This program is intended to last an entire semester and comprises the whole academic load for the term.  It has a strong field component where the students will use and apply their skill doing basic research, rehearsing the scientific methods, formulating testable hypothesis and testing them in the field.  Through the semester students will do 6 projects in different areas and write their results in a standard publication format. 

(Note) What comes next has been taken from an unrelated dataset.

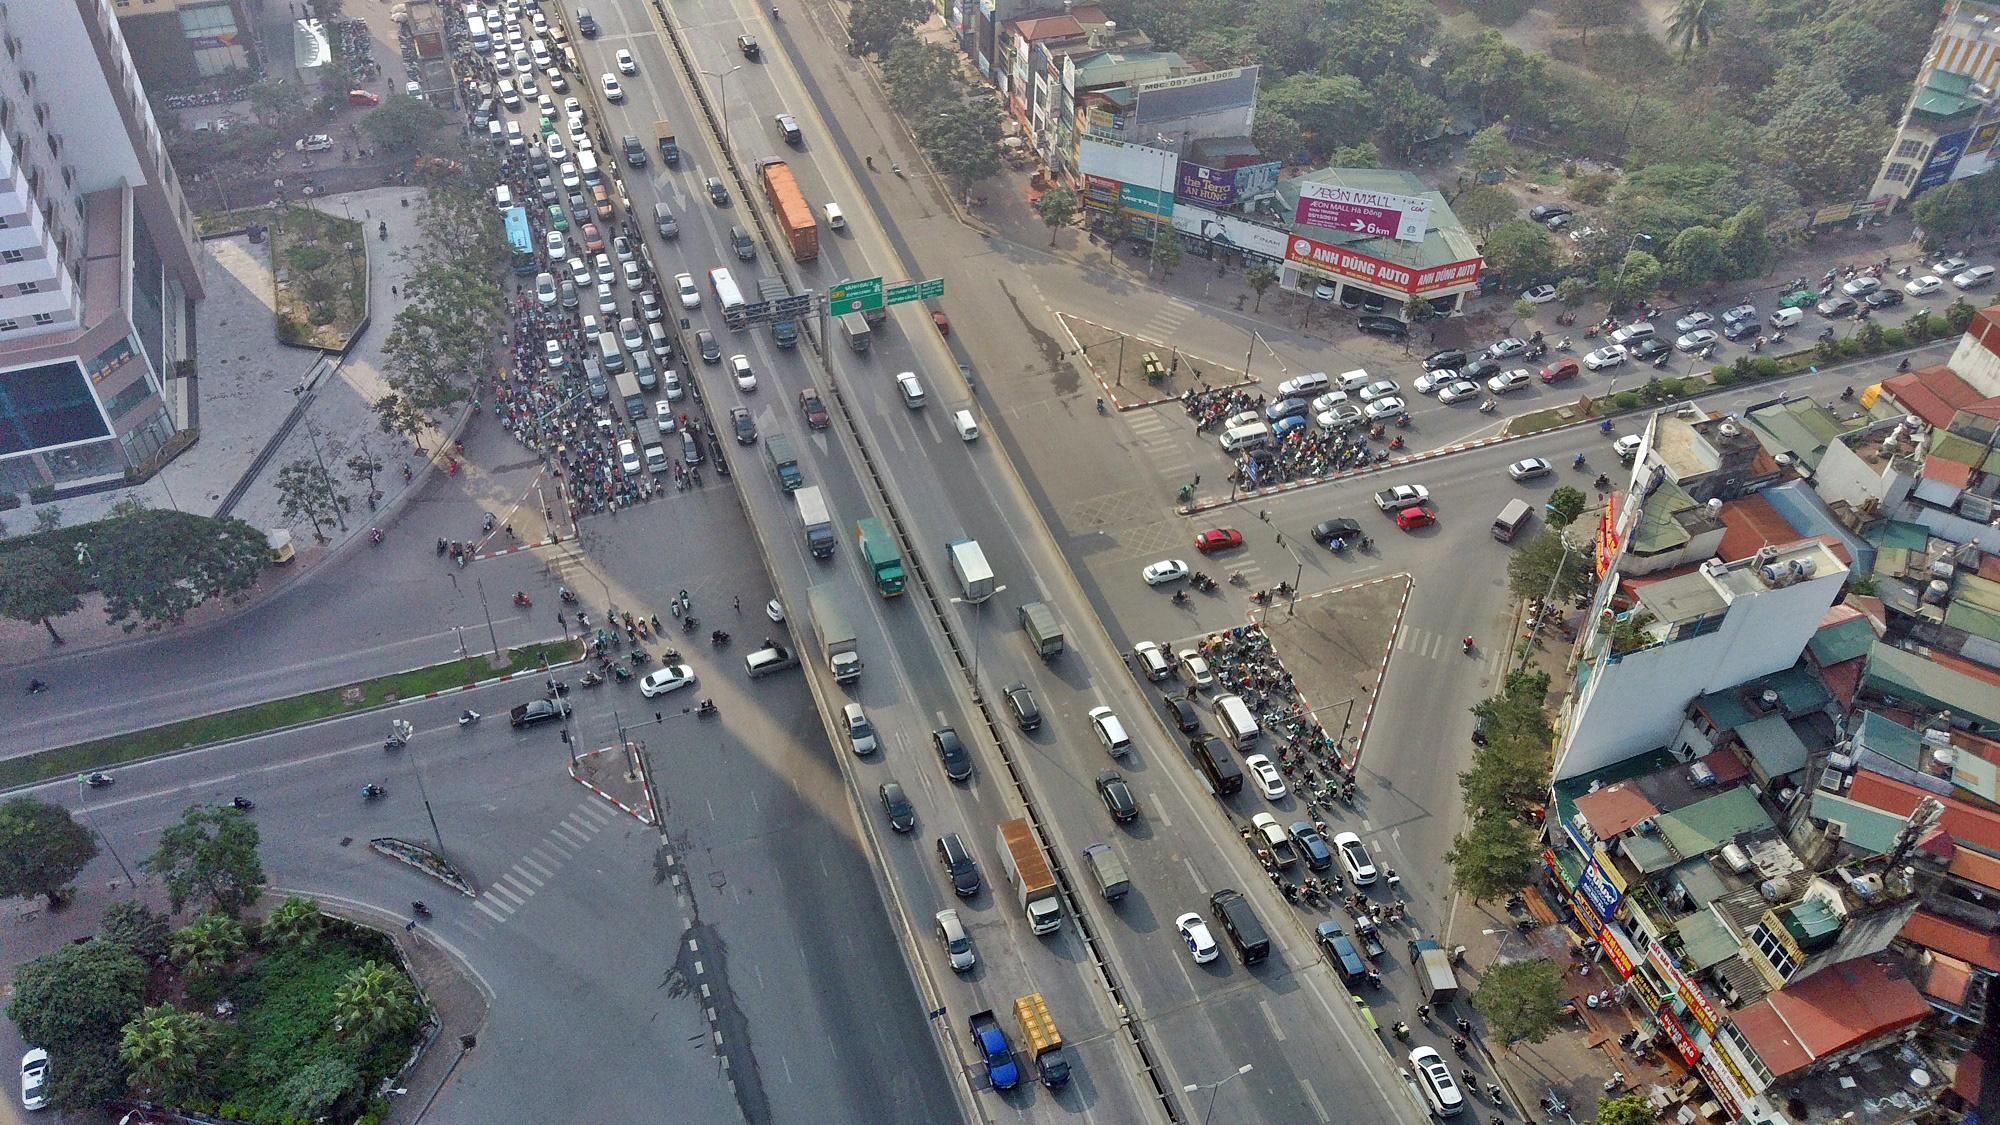 Toàn cảnh khu vực xây hầm chui Lê Văn Lương - Vành đai 3 gần 700 tỉ đồng - Ảnh 6.

The course stresses the application of basic ecological concepts and studies how they apply in the different parts of the tropics.   Comparisons with the base line information the students have from temperate regions will be emphasized.  The program is composed of five courses that complement each other.  Basic Ecological Concepts (2 credits) Ecology of high elevations (2 credits), Ecology of rain forest (3 credits), Coastal ecology (2 credits) and Independent Projects (3 credits)

Plan of Activities

The program will begin with a month of theoretical classes about the different courses.  The field par of the course will last 36 days and will go to high elevation mountains (Guajalito) and Páramo Papallacta for the High Elevation Ecology (5 days),  Yasuni National Park for the Rain Forest Ecology (14 days), and to ParaThe Porto Viejo shores (5 days) and Galapagos (7 days) for the coastal ecology course (there will be some transition days needed in Quito that will complete the 36 days).    During the field trips, students will be collecting data on the ecology of different habitats and doing their projects.  Upon arrival to the US students will write their results and present them in a publication format.  Students will be required to give three oral presentations of their work in the format of meeting presentation.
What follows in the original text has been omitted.